Postgres fails with ordinal position not in range same in calcite after my changes. Added test as well.
bq. Are literals inside expressions interpreted as column references? E.g. SELECT COUNT(*) FROM (SELECT 1 FROM emp GROUP BY substring(name FROM 2 FOR 3)). See what Postgres does and make sure we do the same.
This is valid in Postgres and same in calcite now. 2 and 3 are considered as liternals not an ordinal. Added test as well.
bq. Check that if the conformance disables them, we get the old behavior for aliases and ordinals.

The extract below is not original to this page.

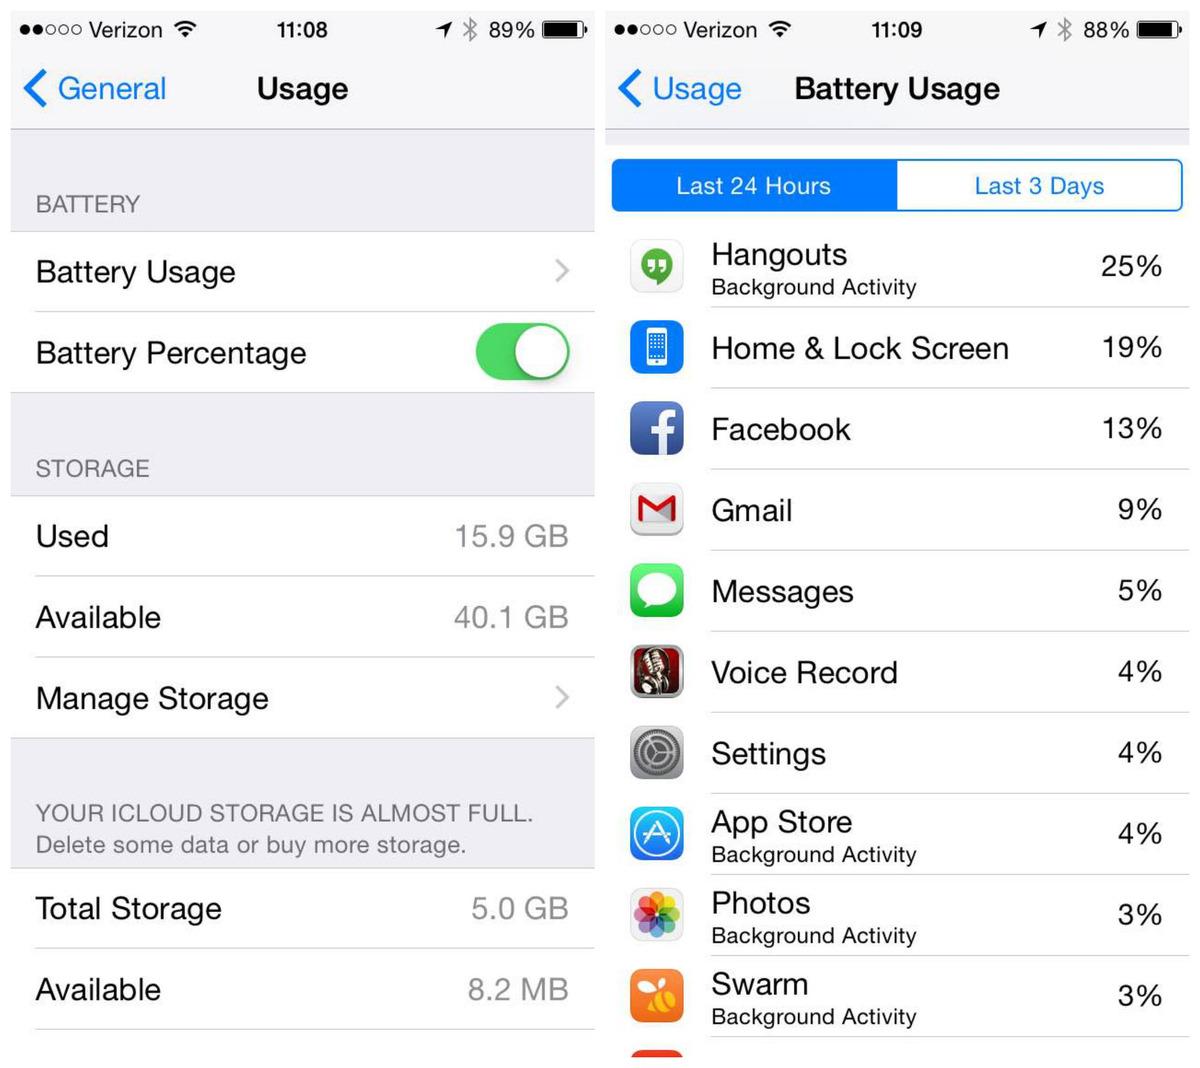 iOS 8 battery usage statistics

Added the tests which fail without conformance. Added test as well.
bq.Should not be able to use alias in an aggregate function in the HAVING clause. E.g. SELECT deptno AS x FROM emp HAVING min(x) < 20 is an error.

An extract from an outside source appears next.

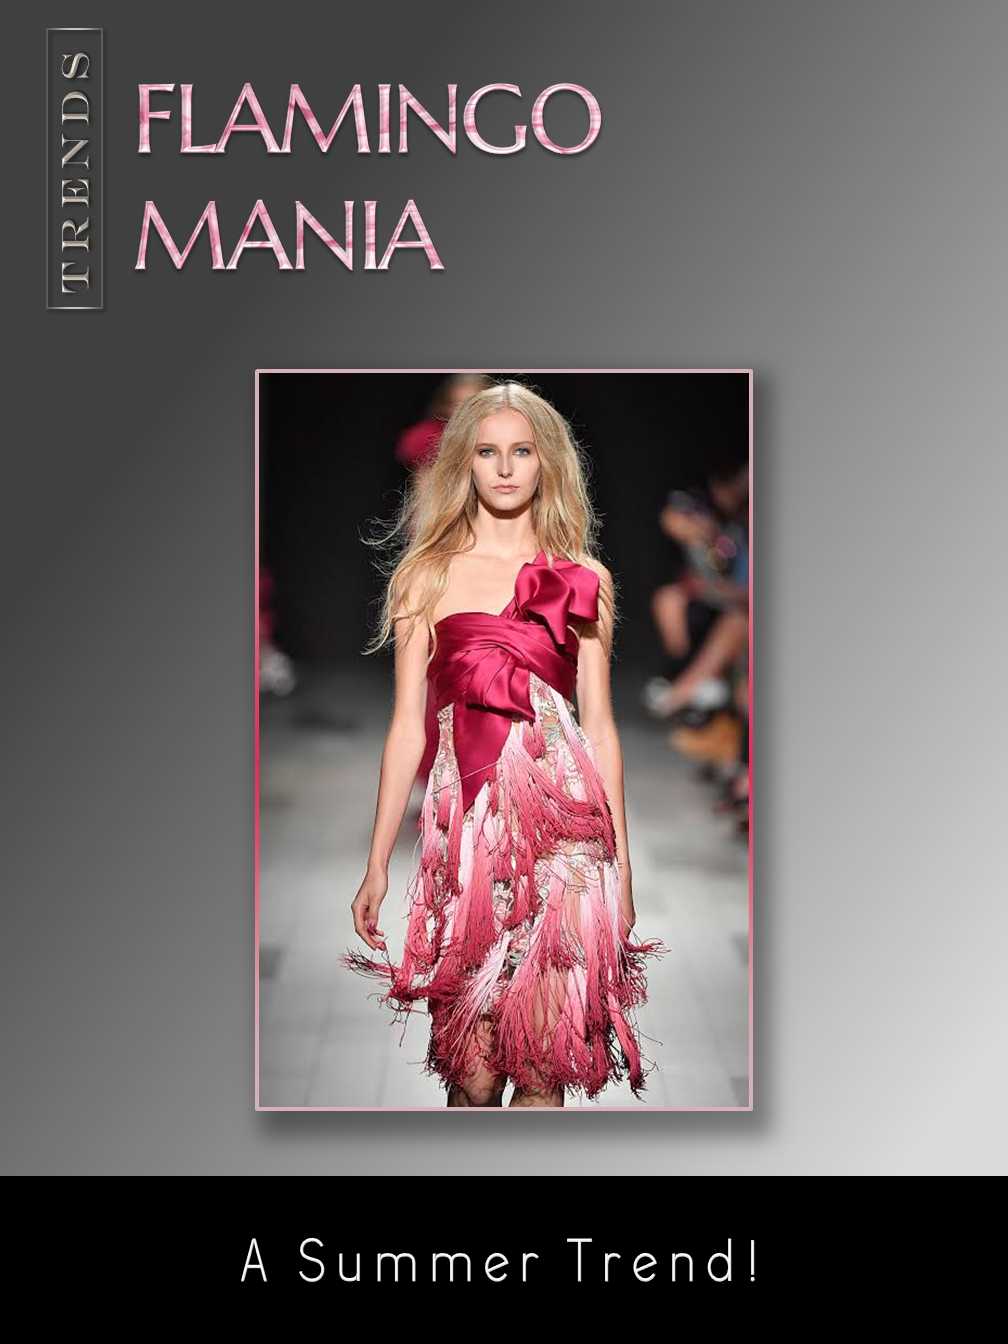 Flamingo-mania

Not allowing alias in having aggregate expression now with my changes. Added test as well.
bq.If an alias matches a column, the alias wins. E.g. SELECT COUNT(*) FROM (SELECT gender AS deptno FROM emp GROUP BY deptno) should return 2. Please see what Postgres does. Also test a HAVING query.

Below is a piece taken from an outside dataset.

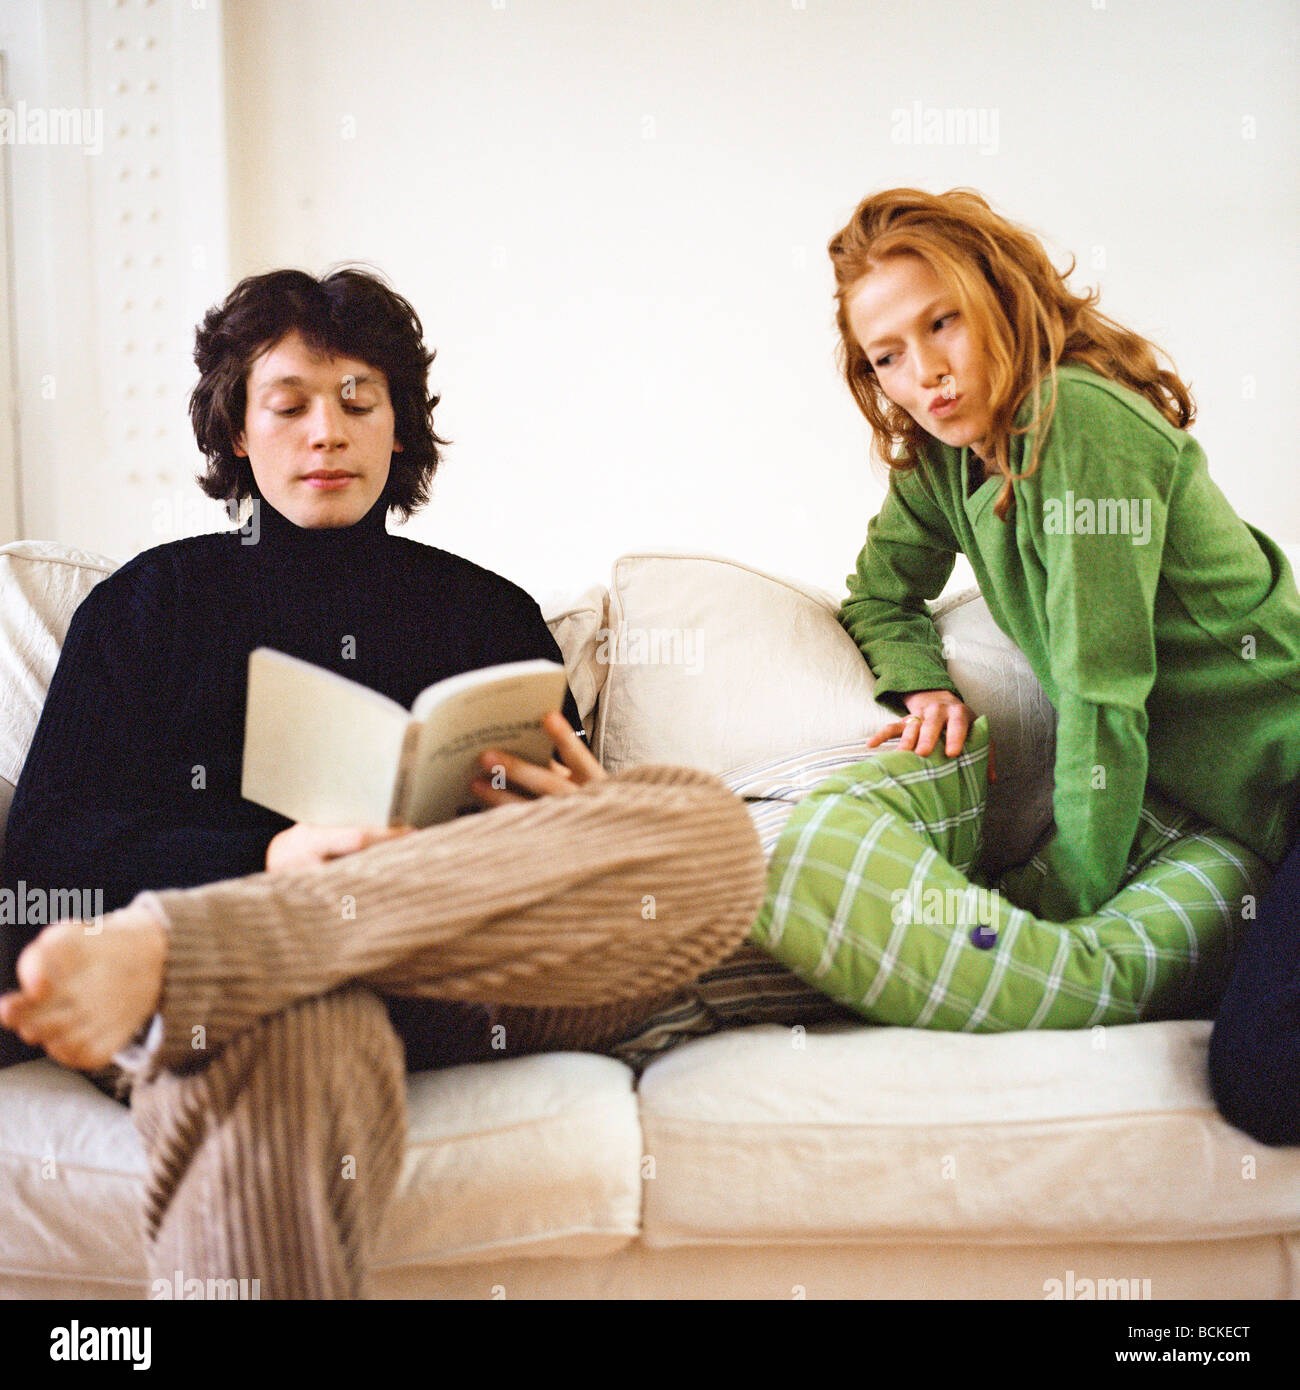 Couple on sofa - Stock Image

Giving priority to alias than column when there is conflict. But Postgres gives priority to column name and fail with ambiguous column. Added test as well.
bq.If an alias matches two columns, the alias wins, and the query is not ambiguous. E.g. SELECT COUNT(*) FROM (SELECT gender AS deptno FROM emp, dept GROUP BY deptno). Also test a HAVING query.
Giving priority to alias than column name. Added test as well.
bq.Matching is according to the case of the session. Thus SELECT x + y AS "z" FROM t GROUP BY "Z" is valid if case sensitivity is off.
It works if sensitivity is off added test as well.
bq.Expressions involving aliases, e.g. SELECT a + b AS c, a + b + d, COUNT(*) FROM t GROUP BY c, d should be valid, because even though a + b + d is not grouped, it matches (a + b) + d, which combines two grouped expressions. Check what Postgres does.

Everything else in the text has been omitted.